Proton pump inhibitor, clarithromycin and either amoxycillin or nitroimidazole:: a meta-analysis of eradication of Helicobacter pylori

被引:143
作者
Gisbert, JP
González, L
Calvet, X
García, N
López, T
Roqué, M
Gabriel, R
Pajares, JM
机构
[1] Univ Hosp La Princesa, Dept Gastroenterol, Madrid, Spain
[2] Univ Hosp La Princesa, Dept Clin Epidemiol, Madrid, Spain
[3] Corp Sanitaria Parc Tauh, Med Serv, Sabadell, Spain
[4] Ctr Estudis Programes & Serveis Sanitaris, Barcelona, Spain
关键词
D O I
10.1046/j.1365-2036.2000.00844.x
中图分类号
R57 [消化系及腹部疾病];
学科分类号
摘要
Aim: To perform a meta-analysis of studies comparing twice daily, one-week triple therapy with a proton pump inhibitor, clarithromycin (C) and amoxycillin (A) (PCA) vs. those using proton pump inhibitor, clarithromycin and a nitroimidazole (N) (PCN) for H. pylori eradication.
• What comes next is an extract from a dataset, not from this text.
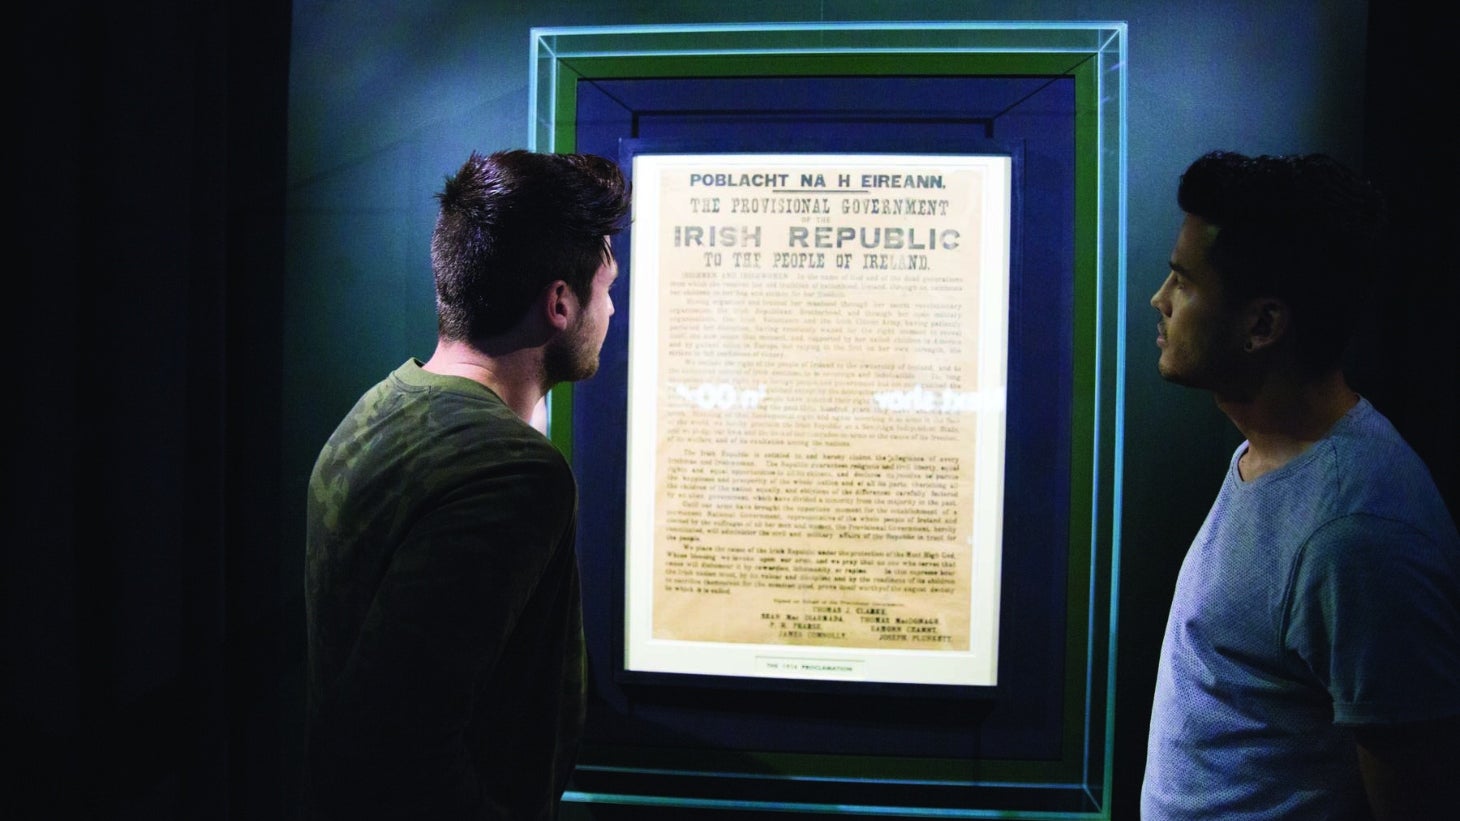 1916 Proclamation Exhibit at the GPO Witness History Exhibition, O'Connell Street Lower, Dublin 1

Review methods: Selection criteria: Comparative randomized trials of PCA vs. PCN were included. Data sources: PubMed database and abstracts from congresses until September 1999. Statistics: Meta-analysis was performed combining the Odds Ratios (OR) of the individual studies in a global OR (Peto method) both on an intention-to-treat (ITT) and on a per protocol (PP) basis. Results: Twenty-two studies fulfilled the inclusion criteria. Eighteen studies reported ITT and 20 PP analysis. Mean H. pylori eradication rates were 81% (95% CI: 79-83%) ITT, and 84% (82-86%) PP with PCA, and 81% (78-83%) ITT and 84% (82-86%) PP with PCN; the odds ratio for the effect of PCA vs. PCN was 1 (0.83-1.22) on an ITT, and 0.98 (0.8-1.2) on a PP basis. Subanalysis showed that mean H. pylori eradication efficacy with PC(250 b.d.)A was 81% (78-85%) ITT, vs. 86% (83-89%) with PC(250 b.d.)N. The odds ratio for this comparison was 0.68 (0.48-0.98). Finally, when comparing PC(500 b.d.)A against PC(250 b.d.)N ITT cure rates were 77% (74-80%), and 75% (72-78%) with an odds ratio of 1.18 (0.93-1.5). Conclusion: Overall, one-week combination regimens of PCA and PCN present similar H. pylori eradication efficacy. Nevertheless, the PCN regimen obtains significantly better results when using low doses of C (250 mg b.d.).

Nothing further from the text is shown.